The data =>
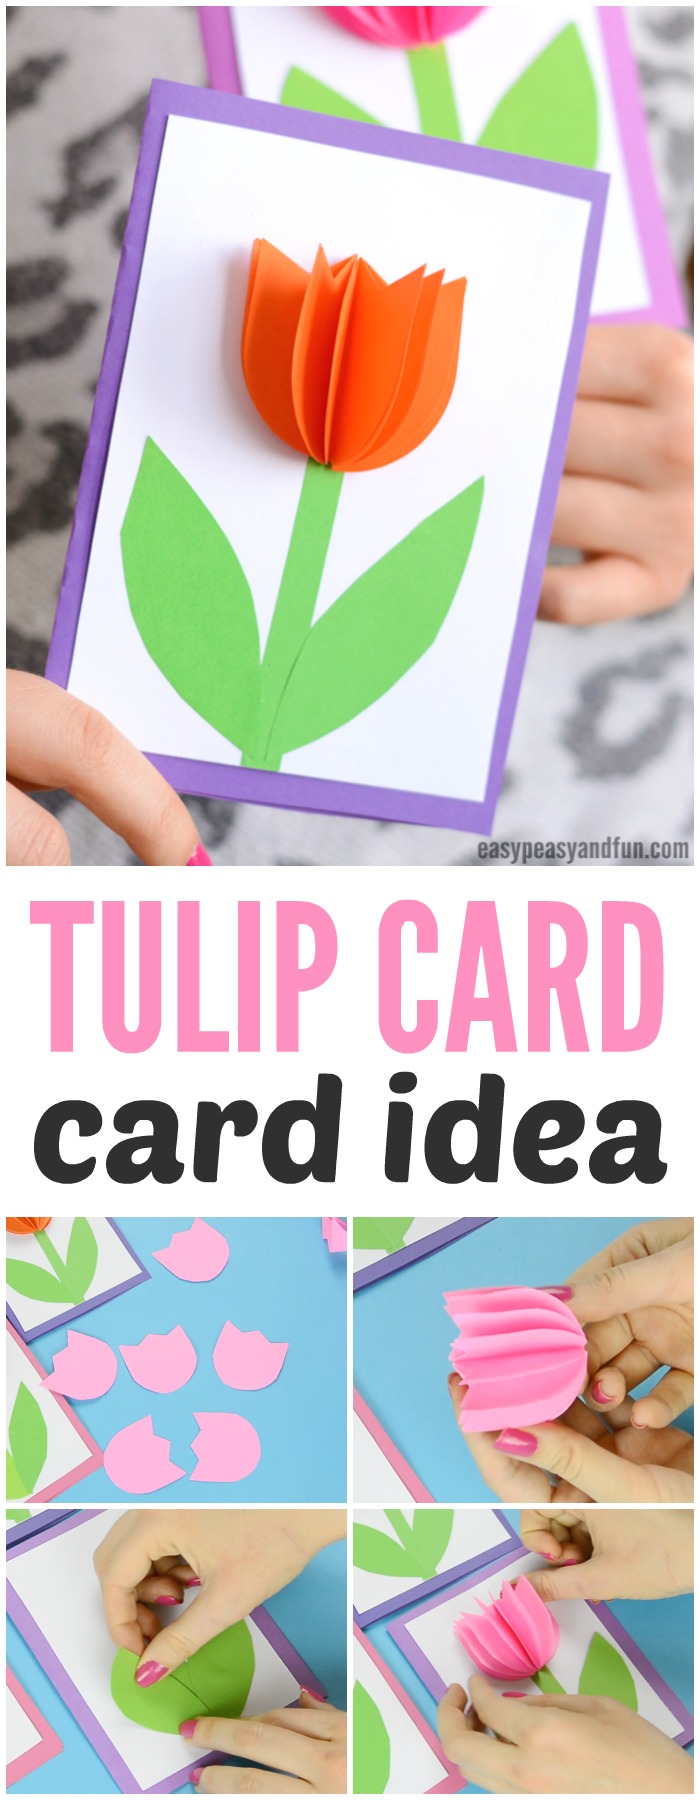 3D tulip card idea for mother's day. An interesting spring craft for kids to make.
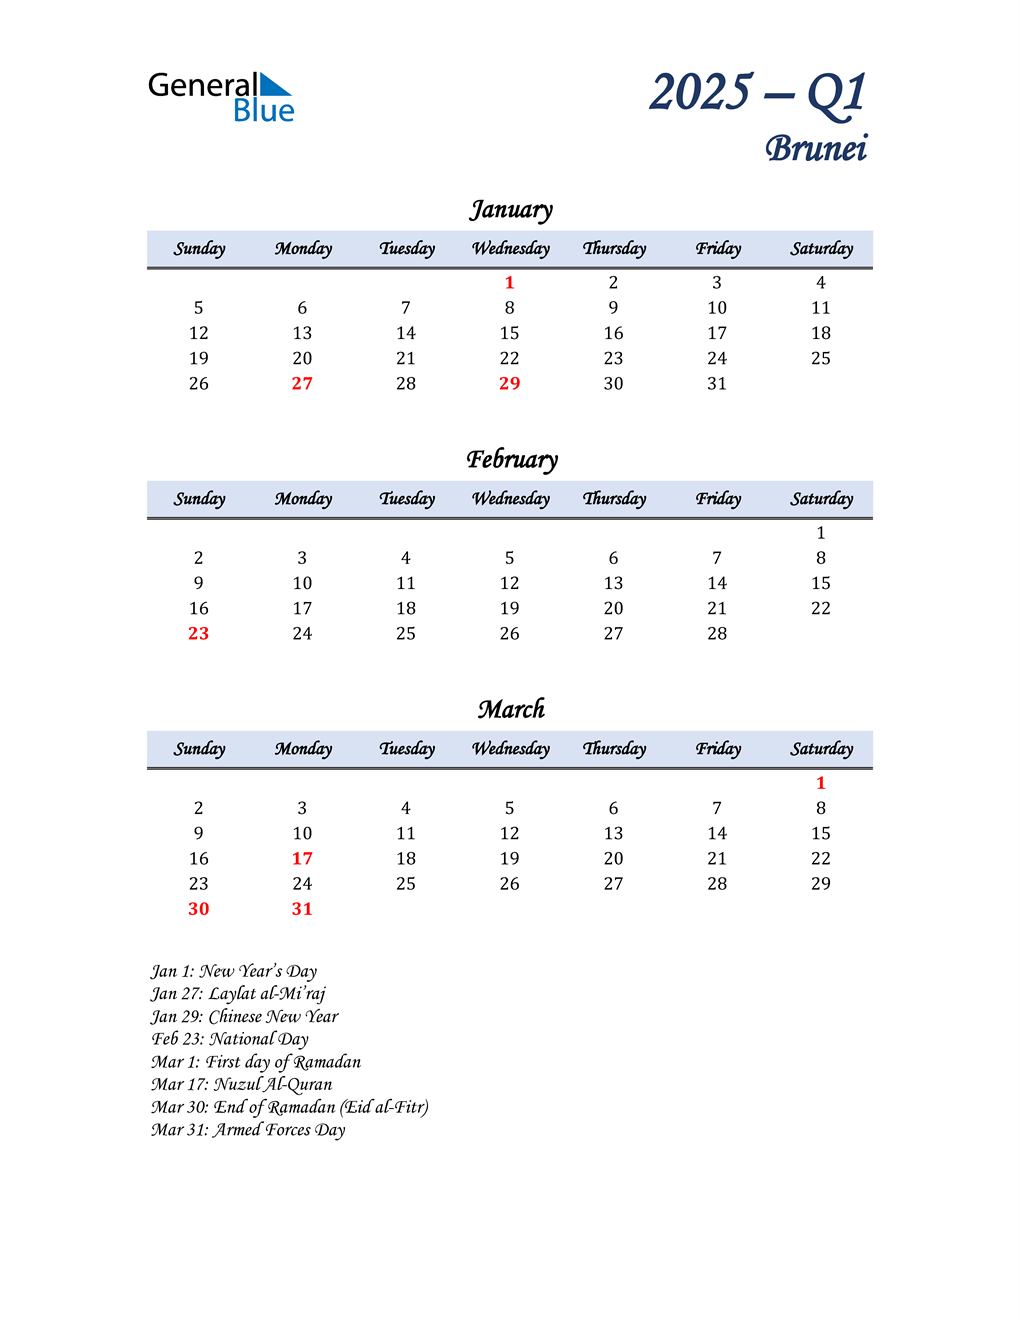  January, February, and March Calendar for Brunei
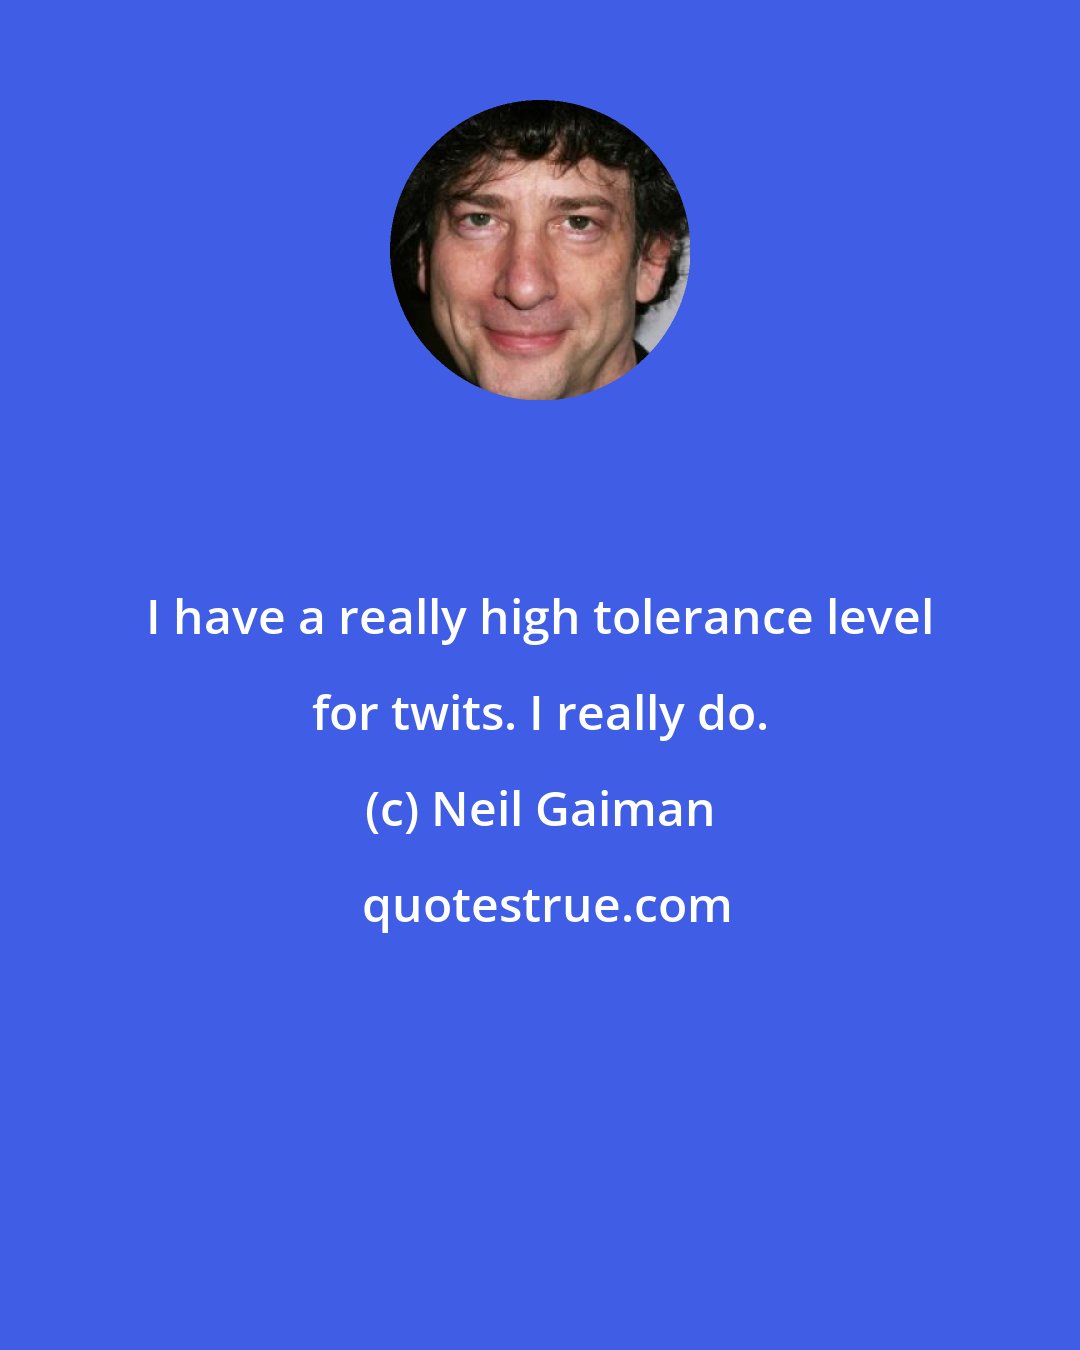 Neil Gaiman: I have a really high tolerance level for twits. I really do.

Task statement => From the line holding "January, February, and" to the final line of the data above, give each line again exactly, both ends included, and drop the pictures.

Solution for this problem =>
  January, February, and March Calendar for Brunei
 Neil Gaiman: I have a really high tolerance level for twits. I really do.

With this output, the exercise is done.